## HOW TO COMPLETE THIS TASK
What you produce should be an exact transcription of the data, minus any pictures.

## DATA
+ + + +
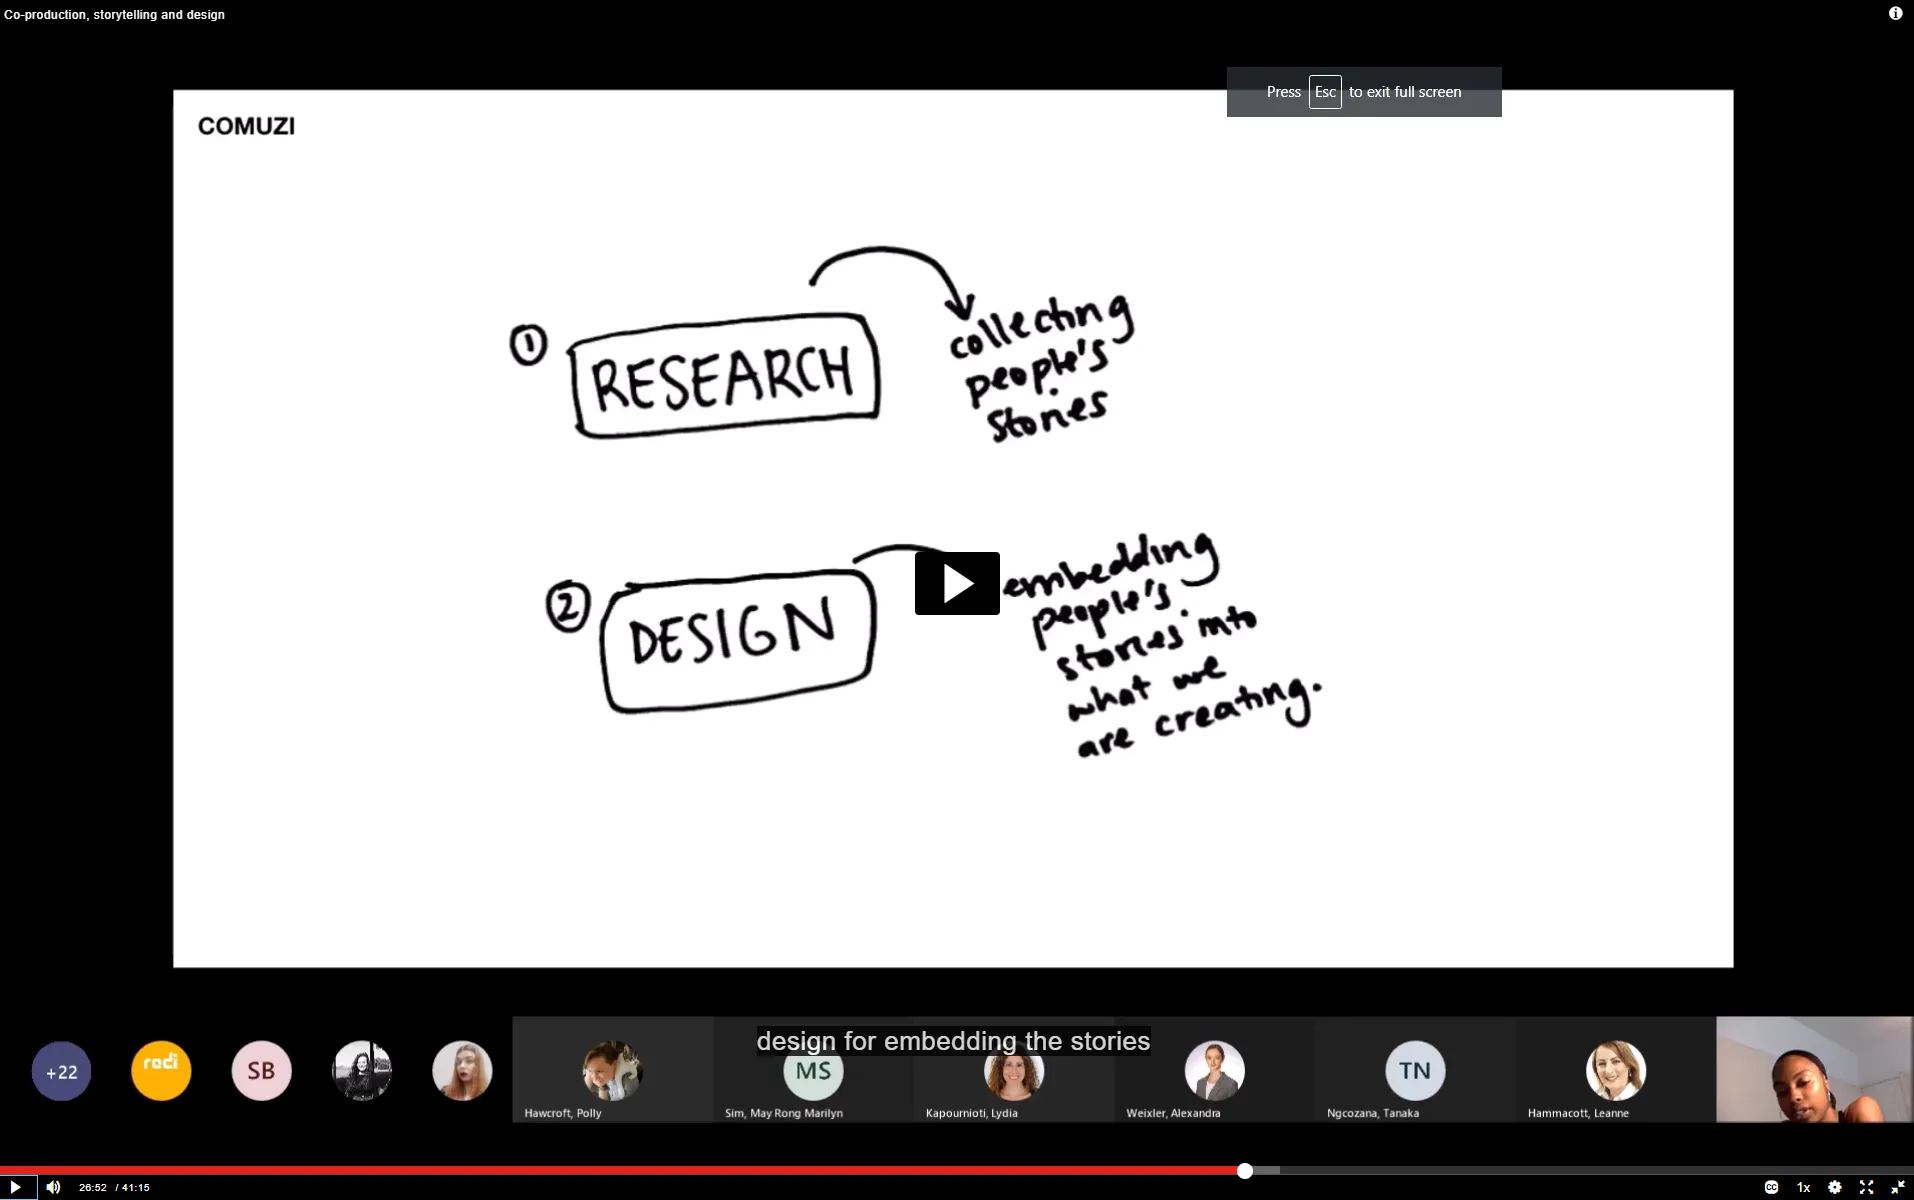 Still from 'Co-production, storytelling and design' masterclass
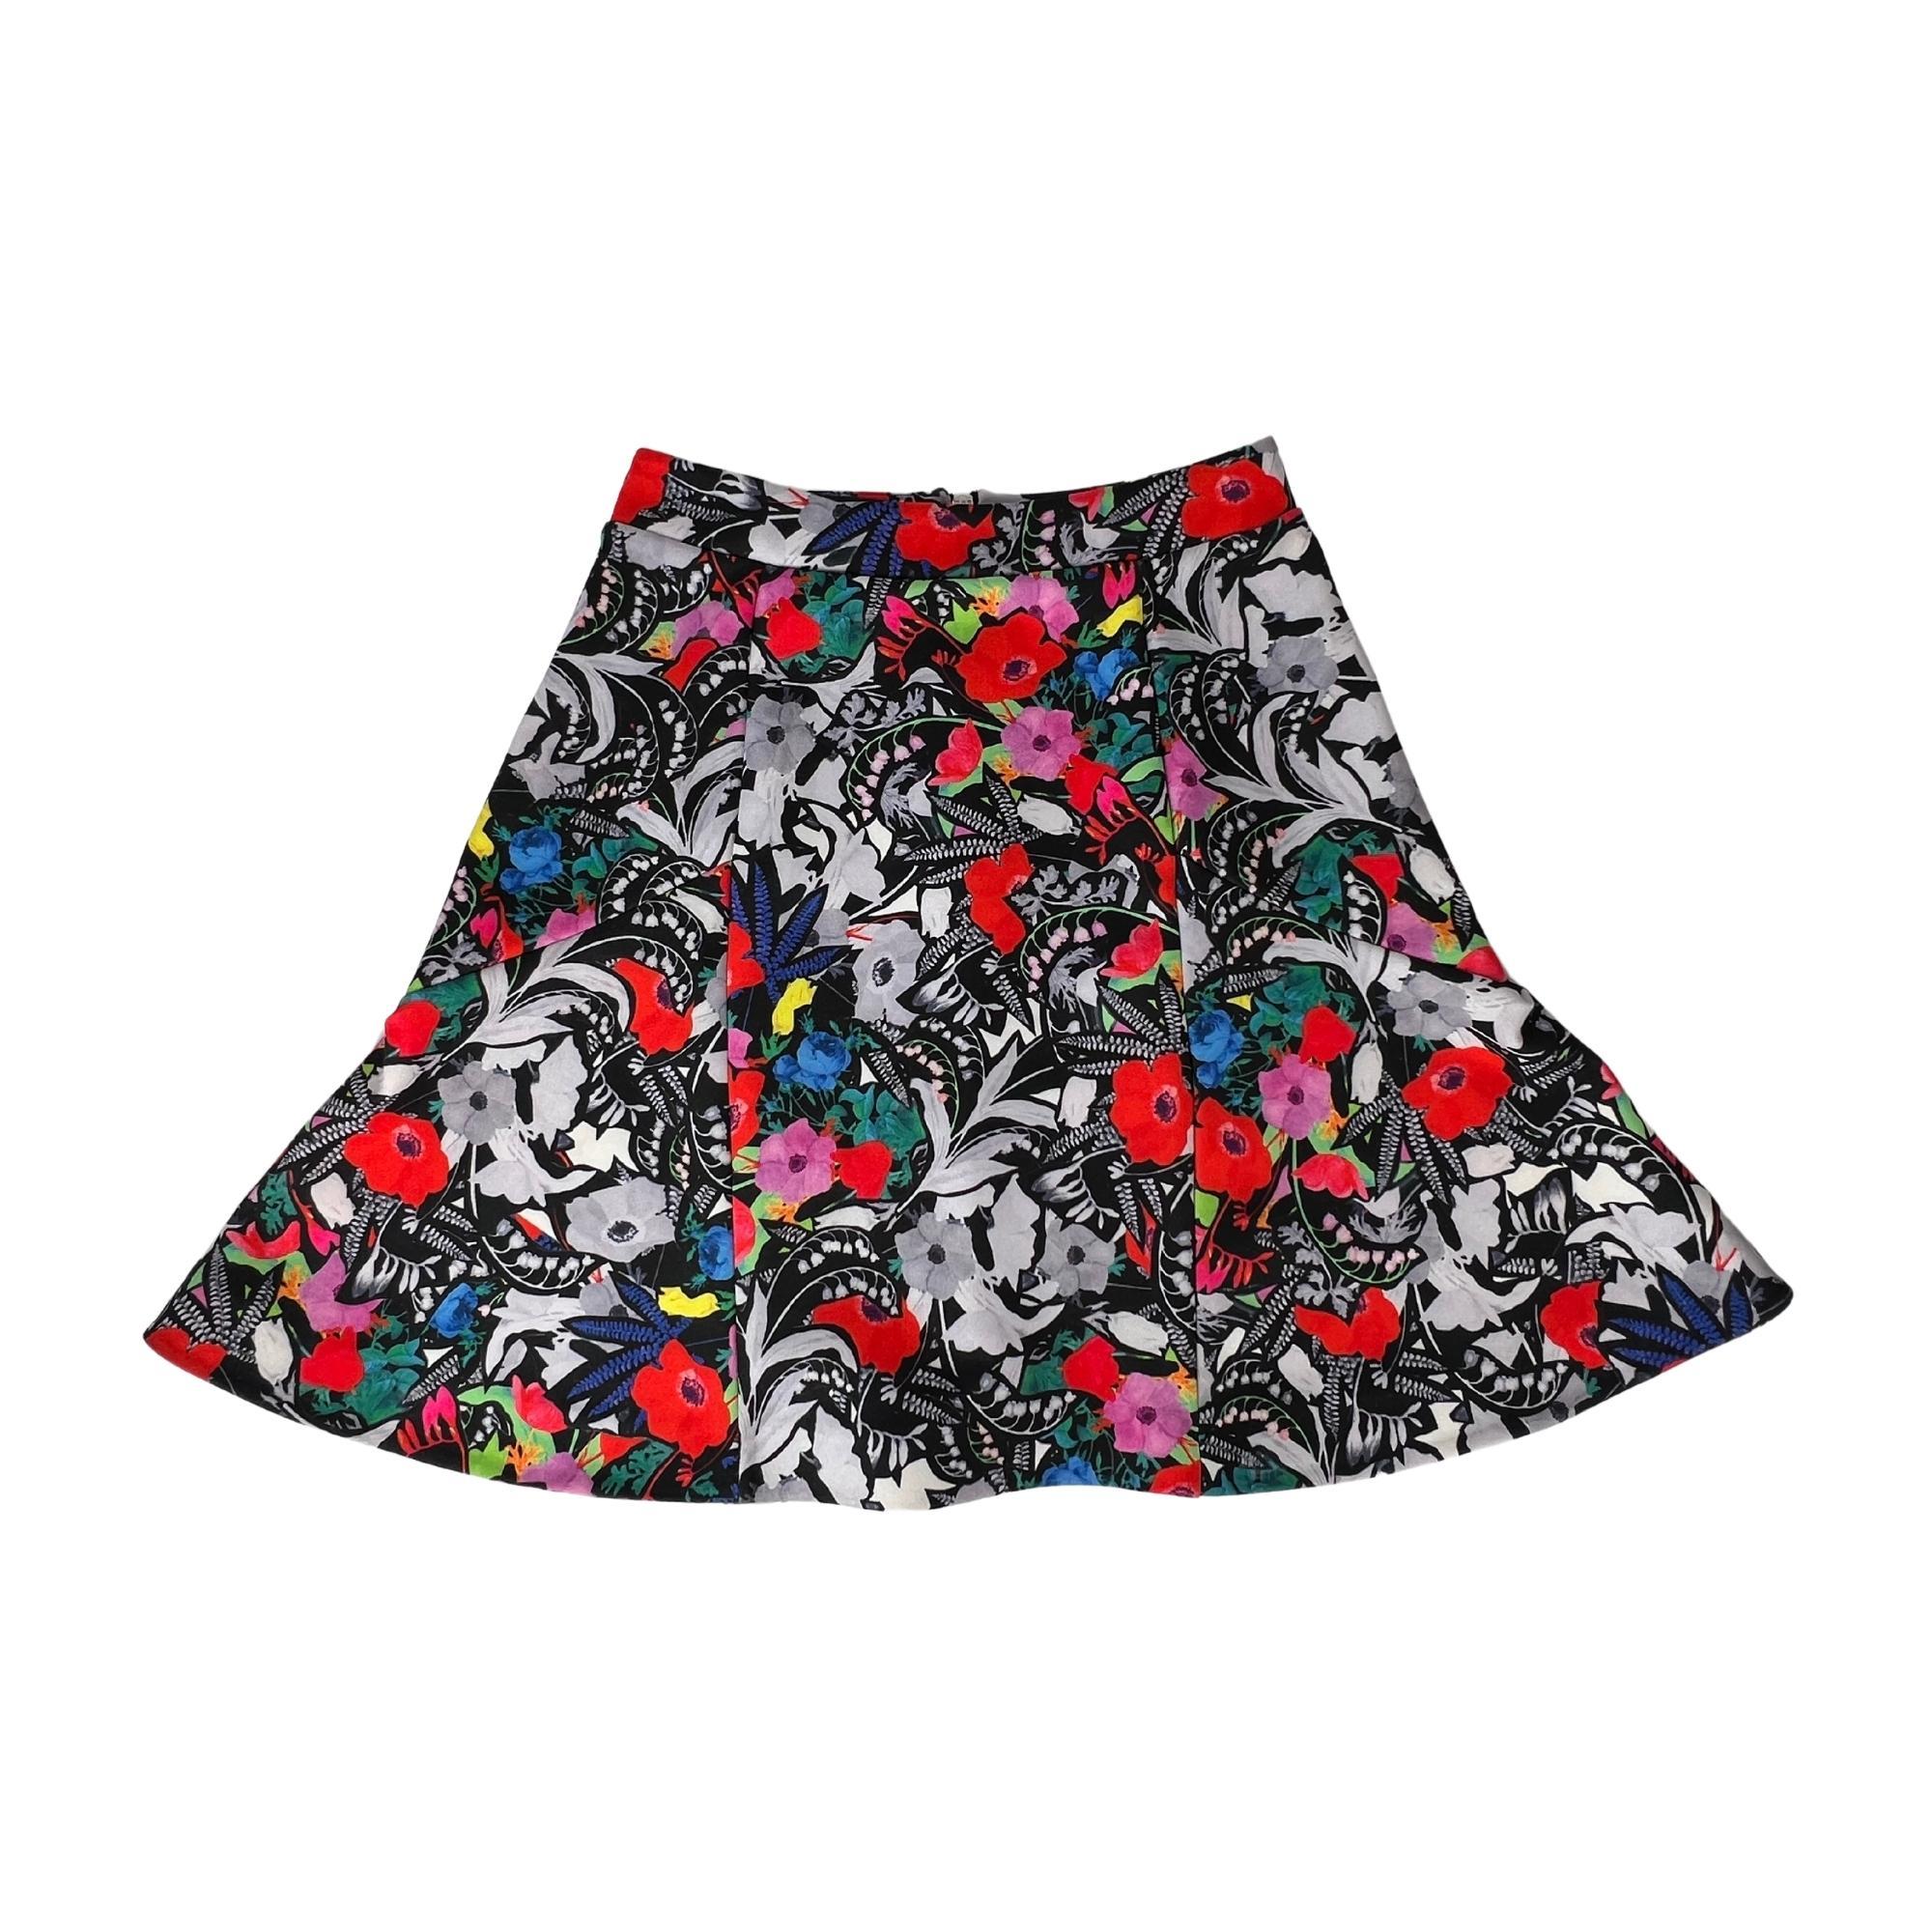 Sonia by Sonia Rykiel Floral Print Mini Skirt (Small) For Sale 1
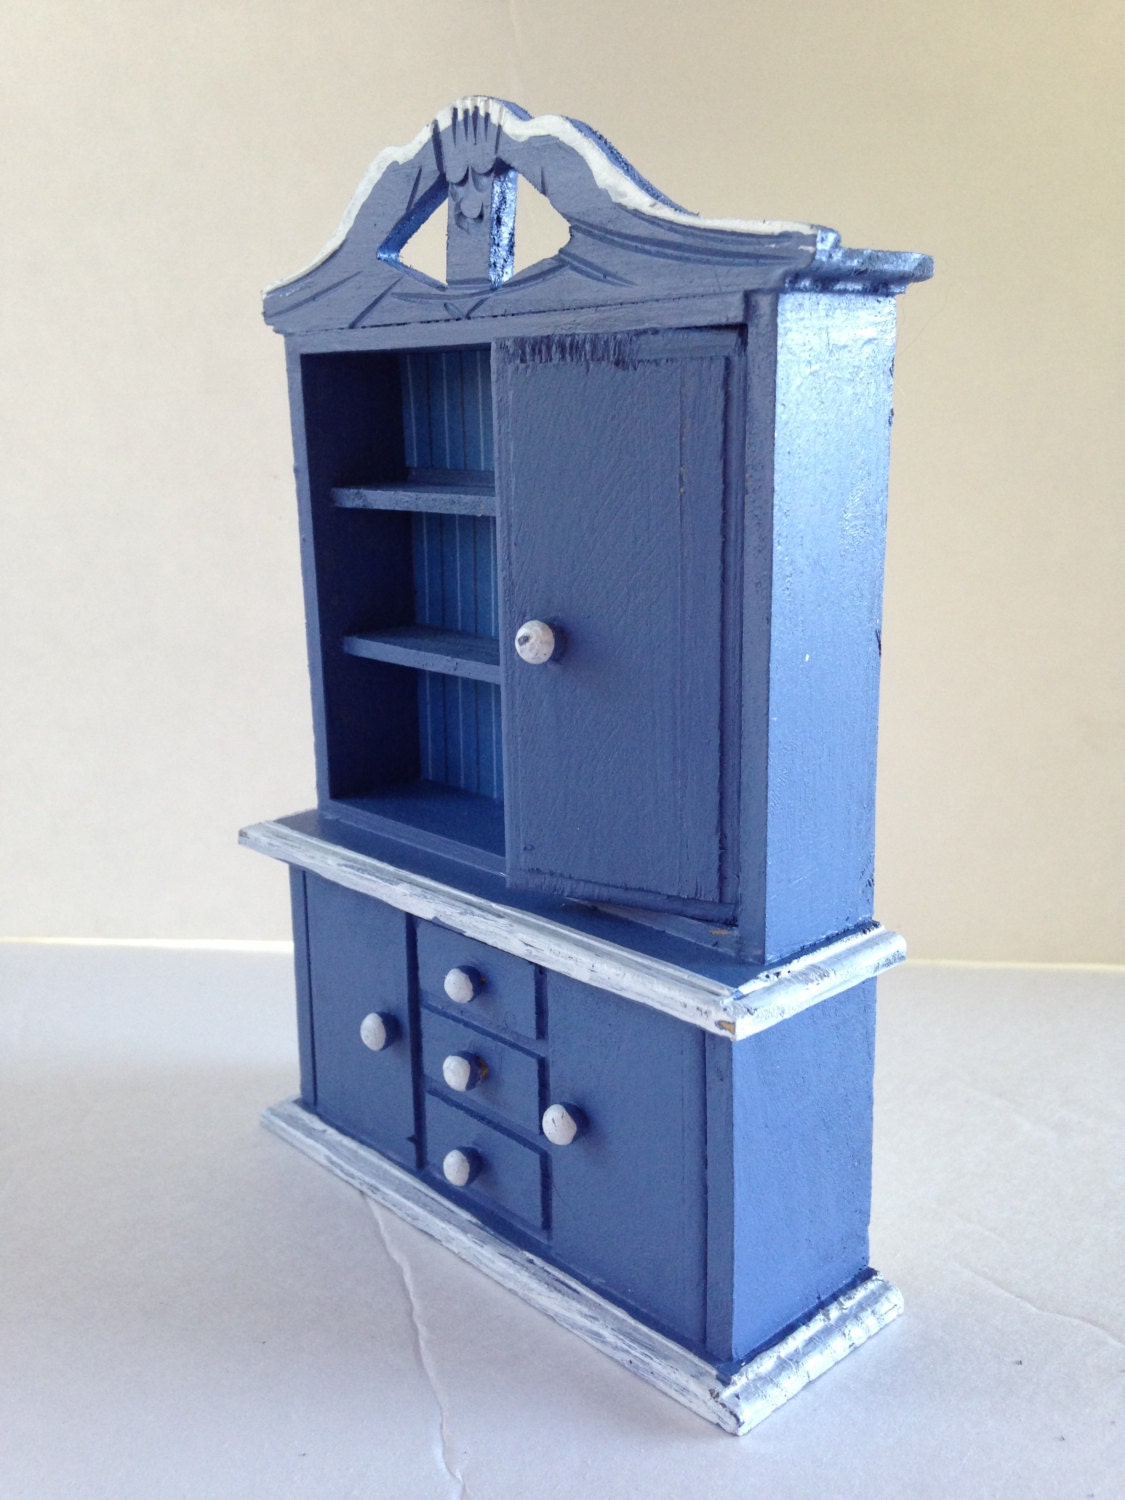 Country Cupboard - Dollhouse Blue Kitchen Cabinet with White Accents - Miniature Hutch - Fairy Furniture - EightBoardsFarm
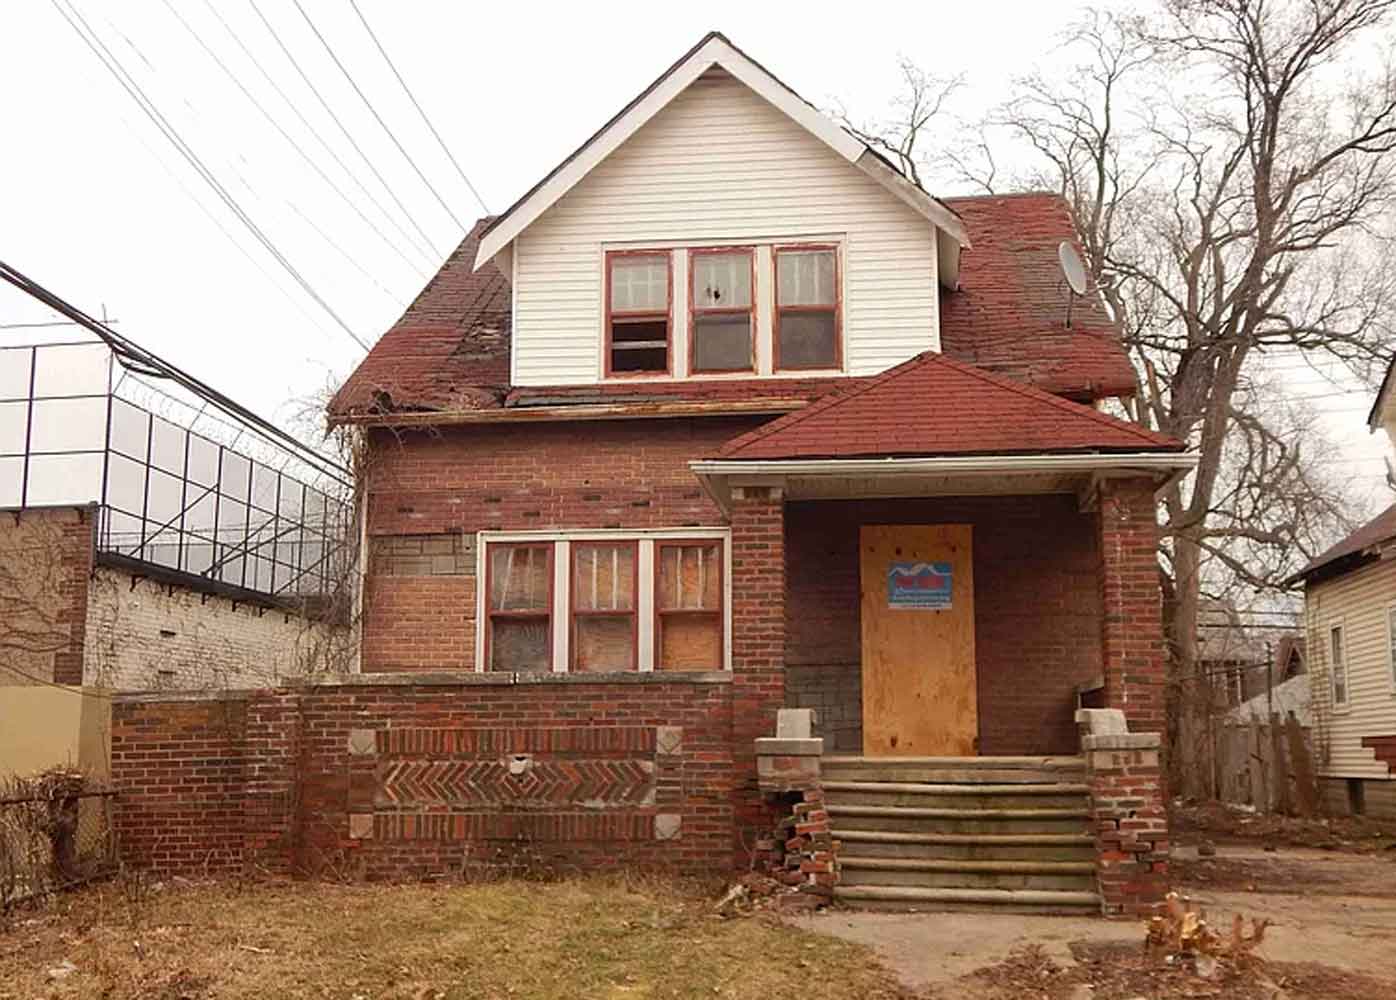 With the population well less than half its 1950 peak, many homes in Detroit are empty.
+ + + +
## SOLUTION
 Still from 'Co-production, storytelling and design' masterclass
 Sonia by Sonia Rykiel Floral Print Mini Skirt (Small) For Sale 1
 Country Cupboard - Dollhouse Blue Kitchen Cabinet with White Accents - Miniature Hutch - Fairy Furniture - EightBoardsFarm
 With the population well less than half its 1950 peak, many homes in Detroit are empty.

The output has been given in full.